Our ideas

Getting your Visual Communications right is a key step to building a successful business. First impressions are important and they reflect the brand. Your brand.

Visual Communication communicates an idea through the visual display of information; it helps us understand the messages portrayed. There are a lots of ways you can present information visually. These include using gestures, body language, video, web and TV mediums. Here at Nvisage, the focus is on the presentation of text, pictures, photos, etc.

Evaluating the success of Visual Communication design is mainly based on measuring how well your audience understands your intended messages. The visual expression of your business will evoke an experience for your potential clients and therefore it’s critical to get this right. Whatever medium you use to visually express the brand of your company, as long as it is consistent in quality and messaging and it creates the same experience throughout, it can be extremely effective. See also ‘corporate identity’.

The web is a great communications tool and is possibly the most popular tool that’s used today to create a positive visual impression. However it’s important to remember other aspects of your business and how they are represented. These include promotional materials, logos, newsletters, etc. They all need to convey that they belong to the same ‘family of look and feel’ to successfully convince and enhance the perception of your company.

Promotional materials are an example I would like to highlight here.

Join up your designs
Having a nice website with a good user experience is important. However, if you send out a brochure which fails to convey the same brand and associated messaging, this can sadly reflect badly on your company’s image. And it can potentially create negative perceptions of your business.

In these times when we have instant access to content, people shy away from printing large company brochures, and in line with environmental issues, I agree in part with this.

That said, there’s an argument for taking an agile approach to using a company brochure. That is, by using new technology to print small runs digitally, there’s really no excuse not to have a brochure or at least a company profile sheet. It serves as a hand out for your potential clients. Or something you can send with a nice letter to an existing client, to remind them of your skills and keep you in their sight for future business. If it’s appealing and very helpful, they may even keep it.

A nice brochure isn’t just about having some text with nice pictures with smiley faces, but actually needs to have engaging content with well structured overviews and the right calls to actions (even if we can’t click them). Even better, if you can combine this product with an offering.

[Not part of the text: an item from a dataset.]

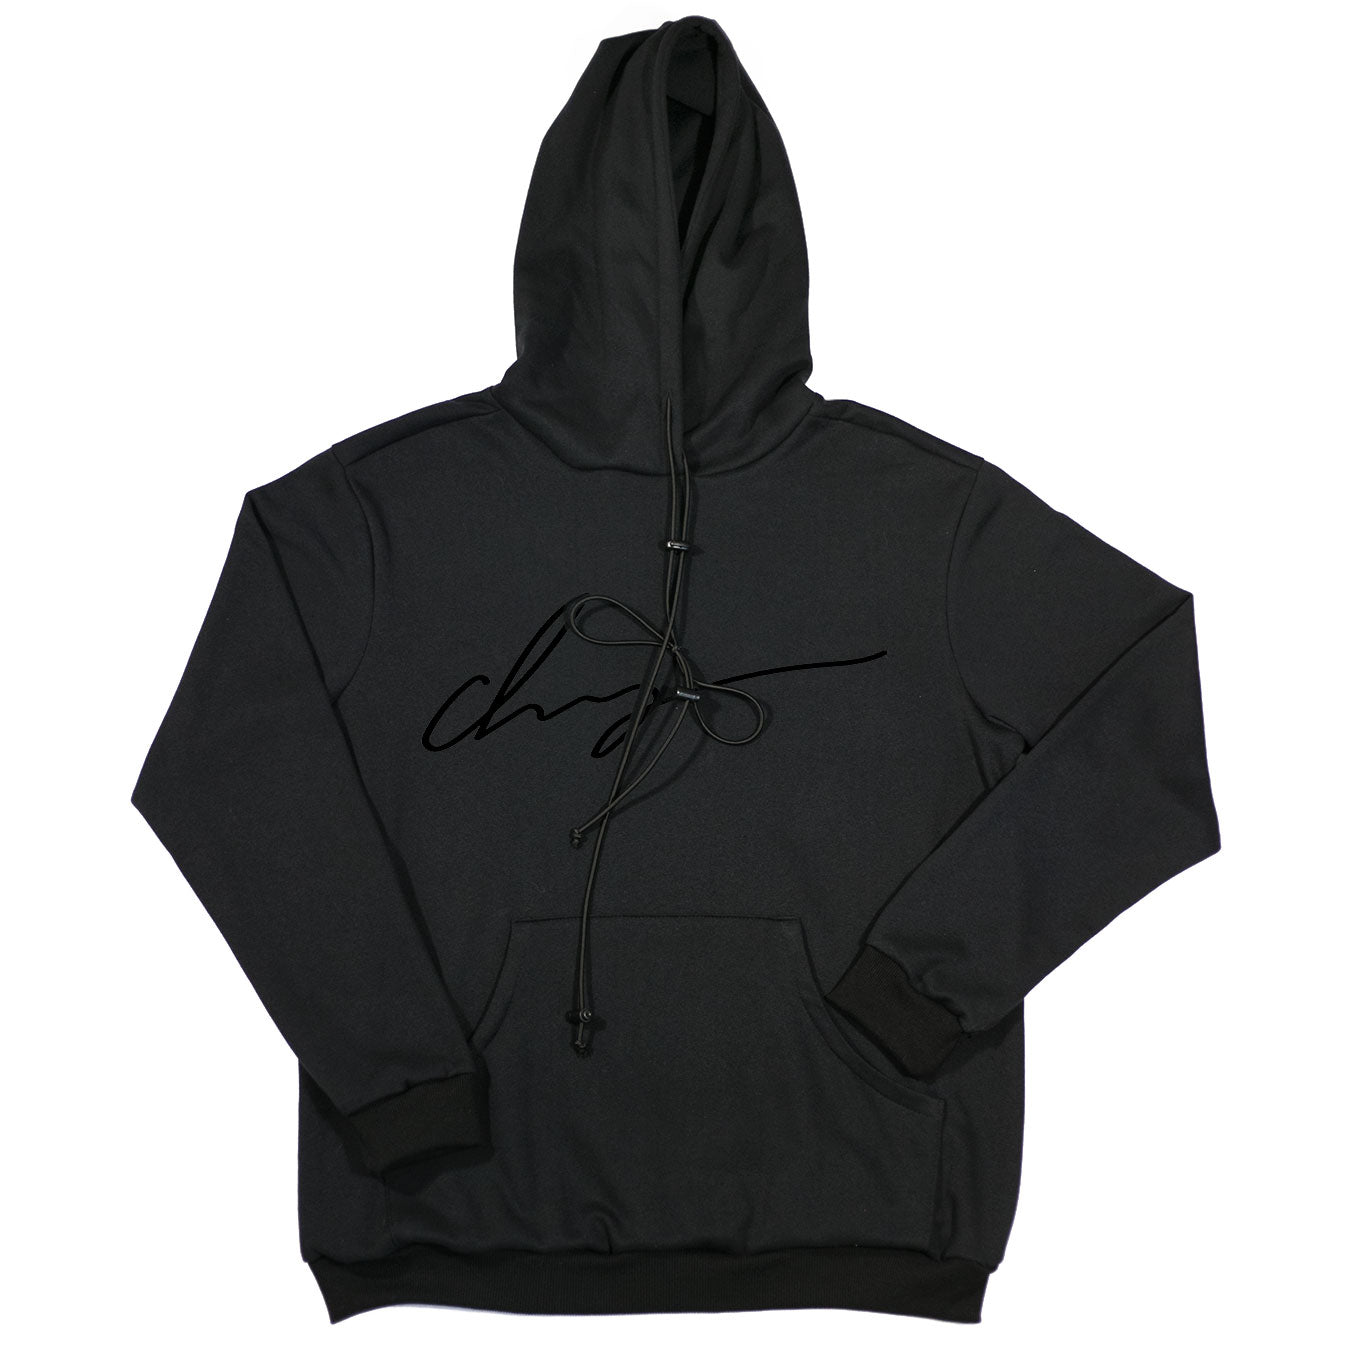 Chaigne Black Signature hoodie

The same rules apply: First impressions.

If your printed promotional materials look dated, it reflects on your company badly. That it’s dated and possibly not progressive. You can’t afford to make this kind of mistake.

Business cards and more

Your immediate reaction to new acquaintances is based on what you see. You are out on the road meeting a prospective client and just when you have completed a perfect sales pitch, you take out an old, crumpled business card. That will be the last impression you give to that client.
Yes it is only a business card, but it will remind this client of your attention to detail, the care that you haven’t taken with that card. Furthermore it can convey the idea that you are not very professional.
So, always have an up-to-date, high quality business card at hand. It reflect s on you and your business. A business card could expand to more, by having well chosen content to communicate what you do and who you are; kinda telling who you are AND ‘what is in the tin’.

Toolkits and sales aids
By simply creating a basic toolkit (a folder with some inserts), which can be used for sales staff, resellers, prospective clients and existing clients, you have a very flexible tool for promotional material which offers some great benefits.

By creating factsheets, datasheets, profile sheets, newsletters for this toolkit, you are constantly updating the toolkit so that it’s current, and therefore communicating to users the benefits of being up-to-date. Furthermore, sales staff have a professional image to take to their sales pitches. They can even have a note pad in the back of the toolkit.

New prospective clients can be handed a very sophisticated precious kit with information which is useful to them. They will keep it on their shelf and when the time comes they may pull it out to give you a call.

Existing clients can be updated with the latest white papers, case studies, newsletters; information which relates to their business.

These type of measures show a very agile approach to representing and selling your company.


An engaging and well structured newsletter with a strong visual impact can remind a person of your company on a regular basis. These type of valuable visual communication aids will create the right image whilst passing on helpful information. Let a newsletter be a tool which is exciting to read and visually appealing and therefore will be liked by the reader.
It will reflect your company well and will keep reminding your readers of your business talents. This in turn can generate vital leads.

Our approach
Nvisage has lots of experience in developing visual language systems for communication for varied businesses and organisations. This is because our marketing team and designers understand human communication in a social context. This requires critical thinking and intellectual flexibility as well as creative flair. And it involves understanding what your audiences will connect with.

In communication, messages are paramount. But good visual design supports the message and enhances its delivery. We can help you to deliver positive, interesting messages which enhance your brand and resonate with your audiences and therefore help you grow your business or organisation.